Damn. You're good.
It's quite possible I overthink. But there was fighting! And teh pretty!
But there was fighting! And teh pretty!
I totally have a guycrush on Christian Bale. I mean, have you seen
American Psycho
? He's all naked and shit.
He's more naked in Metroland, although at the time he hadn't put in enough gym work to make it as worthwhile.
I know. But they were a good five minutes.
I'm going to go see that stupid Nicholas Cage movie where he's a treasure hunter because Sean Bean's the bad guy in it.
I moaned out loud in the theater during previews: "Why'd it have to be Nick Cage?!?" Because otherwise, cheesy Masonic secrets and Sean Bean put my butt in a seat.
I'm going to go see that stupid Nicholas Cage movie where he's a treasure hunter because Sean Bean's the bad guy in it.
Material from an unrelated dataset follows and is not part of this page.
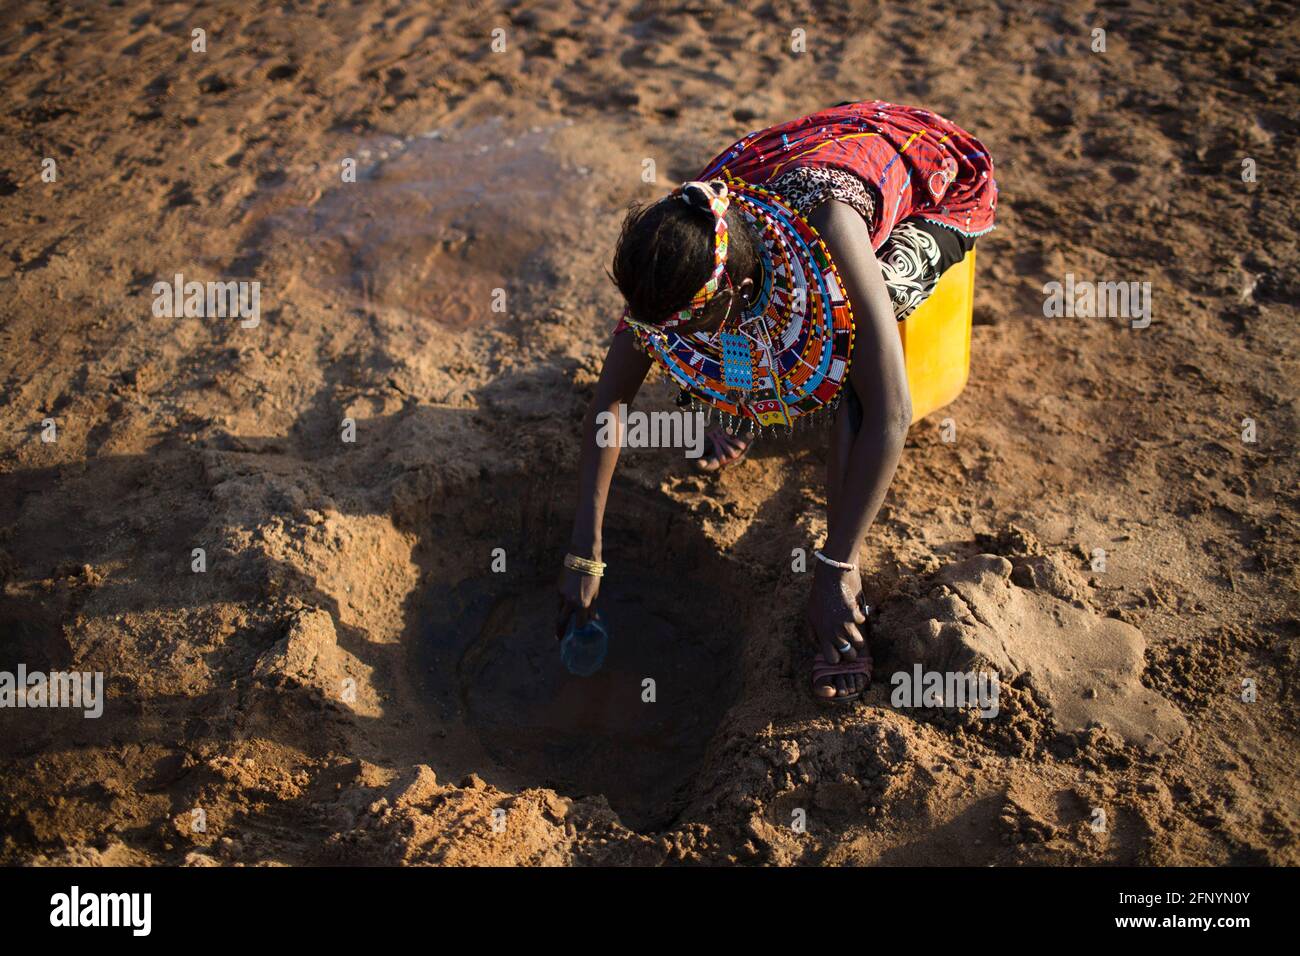 Le 19 février 2015, une femme recueille de l'eau filtrée nettoyée dans un trou creusé près d'une rivière près du village d'Umoja à Samburu, au Kenya. Banque D'Images
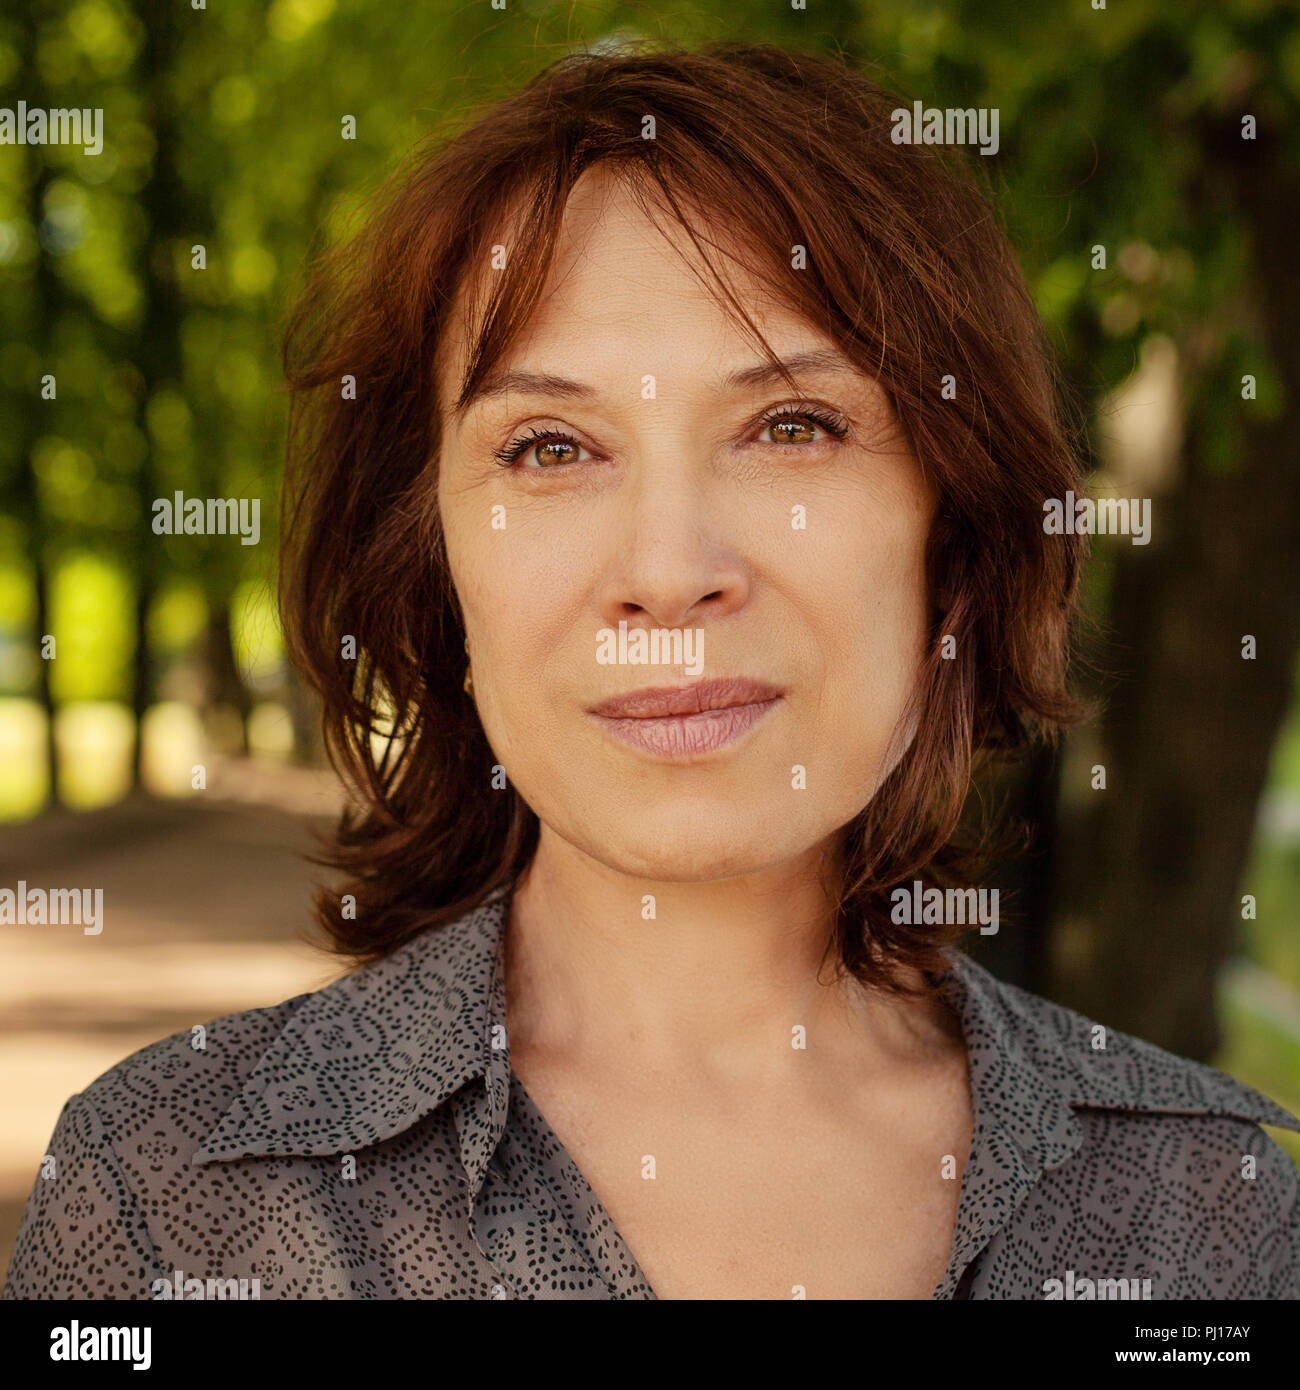 Closeup portrait of young woman. Visage de femme de young lady outdoors Banque D'Images

I'm going to have to see it just because it looks like a big messy crazyheaded conspiracy theory nutfest with historical costuming and treasure maps and maybe even Knights Templar. The only thing that could possibly stop me from seeing such a movie would be if it starred Richard Chamberlain and Marc Blucas.
There are pretty much two reasons to see Equilibrium:
You forgot 5) Taye Diggs.
(But really, it's a movie full of beautiful people spouting overblown pretentious philosophy at each other and then fighting about it! What's not to love?)